CNBC Reporter Admits She Was Tricked By Jokesters Pretending To Be Fired Twitter Engineers

The Fake News media has been trolled yet again! Many laughs were had after a CNBC reporter went on TV to say that she did not properly verify a story after she fell for a prank by two men who pretended they were Twitter engineers recently axed by Elon Musk.

CNBC’s Deirdre Bosa addressed her mistake on air Monday.

“I’d like to address something that CNBC reported Friday. I tweeted that a team of data engineers were laid off at Twitter after speaking to two people outside of headquarters who claimed that they were,” she said.

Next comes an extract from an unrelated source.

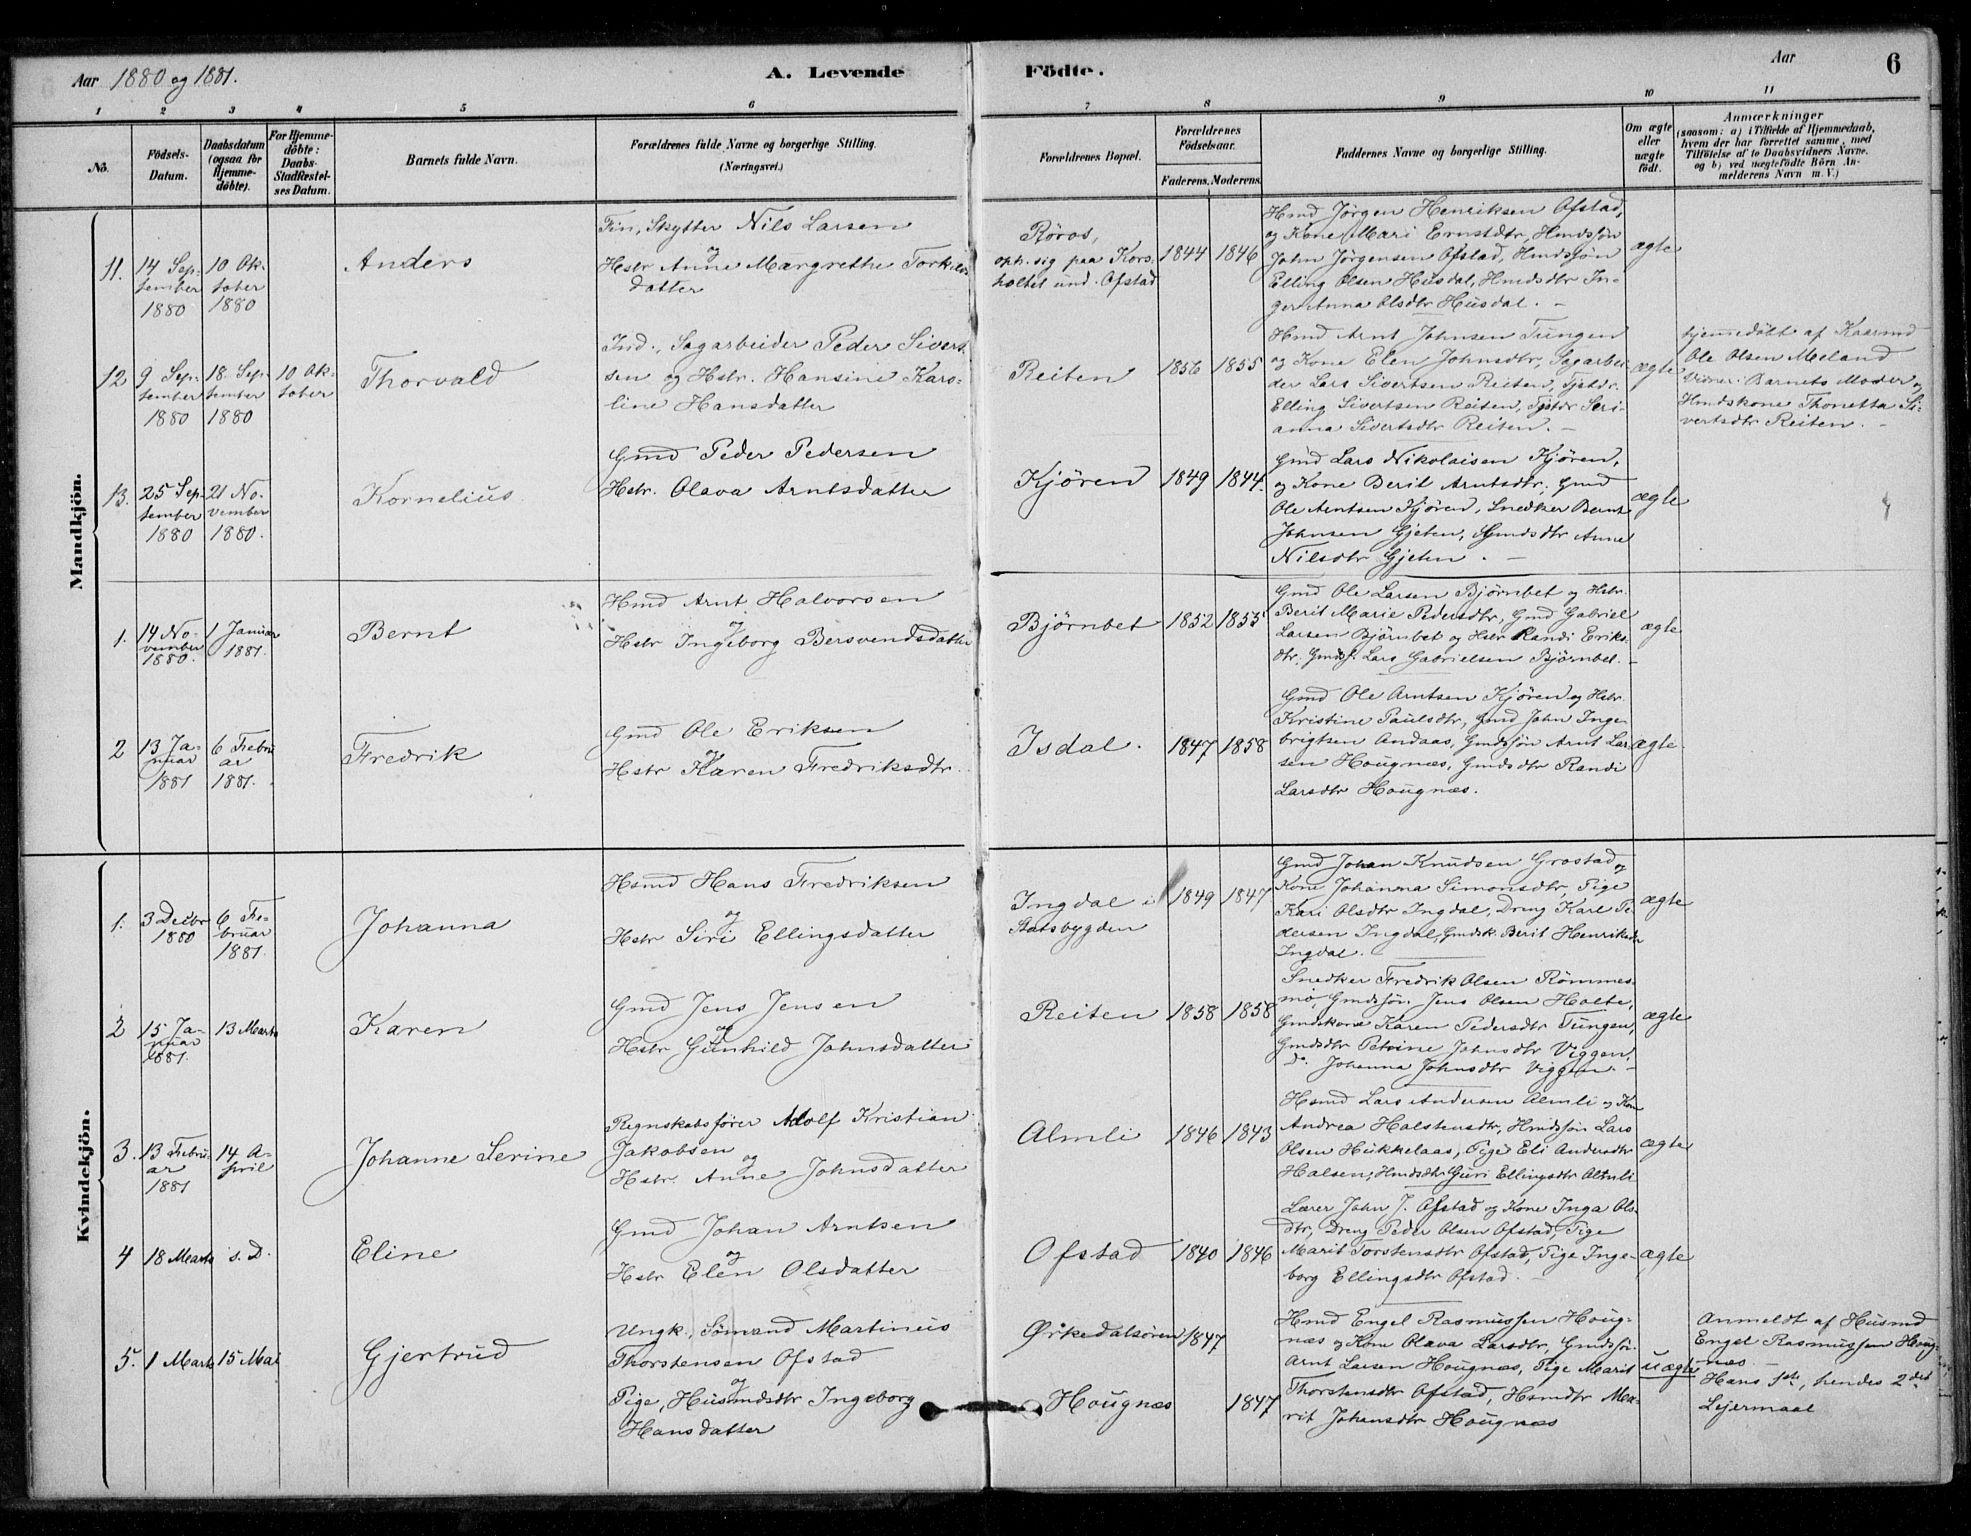 SAT, Ministerialprotokoller, klokkerbøker og fødselsregistre - Sør-Trøndelag, 670/L0836: Ministerialbok nr. 670A01, 1879-1904, s. 6

‘They were not real employees and I didn’t do enough to confirm that they were,” Bosa added. “They got me, and that is on me. We, I regret the mistake.”

Bosa shared a video of her remarks on Twitter and deleted the post where she got pranked.

The CNC reporter previously had posted online “It’s happening Entire team of data engineers let go. These are two of them,” sharing a picture of two men calling themselves “Rahul Ligma” and “Daniel Johnson,” the surnames of which are both well-known parody names.

The outlet’s embarrassing display resulted in numerous online jokes about the prank.
“Journalists – my name is Amanda Hugnkis, and today I was fired by Elon Musk himself at Twitter HQ. Willing to talk on the record. DMs are open,” read one viral joke on Twitter.

“My colleague Ben Dover has informed me he is also willing to talk,” she added in a second post.

Elon Musk also appeared to find the event humorous. The recent buyer of Twitter shared photos of the two pranksters in a tweet, commenting, “Ligma Johnson had it coming,” followed by an eggplant emoji as well as one of three water drops.

The new Twitter owner has made waves since his purchase last month, famously firing several top executives of the platform, including CEO Parag Agrawal, chief financial officer Ned Segal, chief legal officer Vijaya Gadde and general counsel Sam Edgett. Sources have also apparently said that Musk plans to launch an internal investigation into the company’s internal operations, according to ABC news.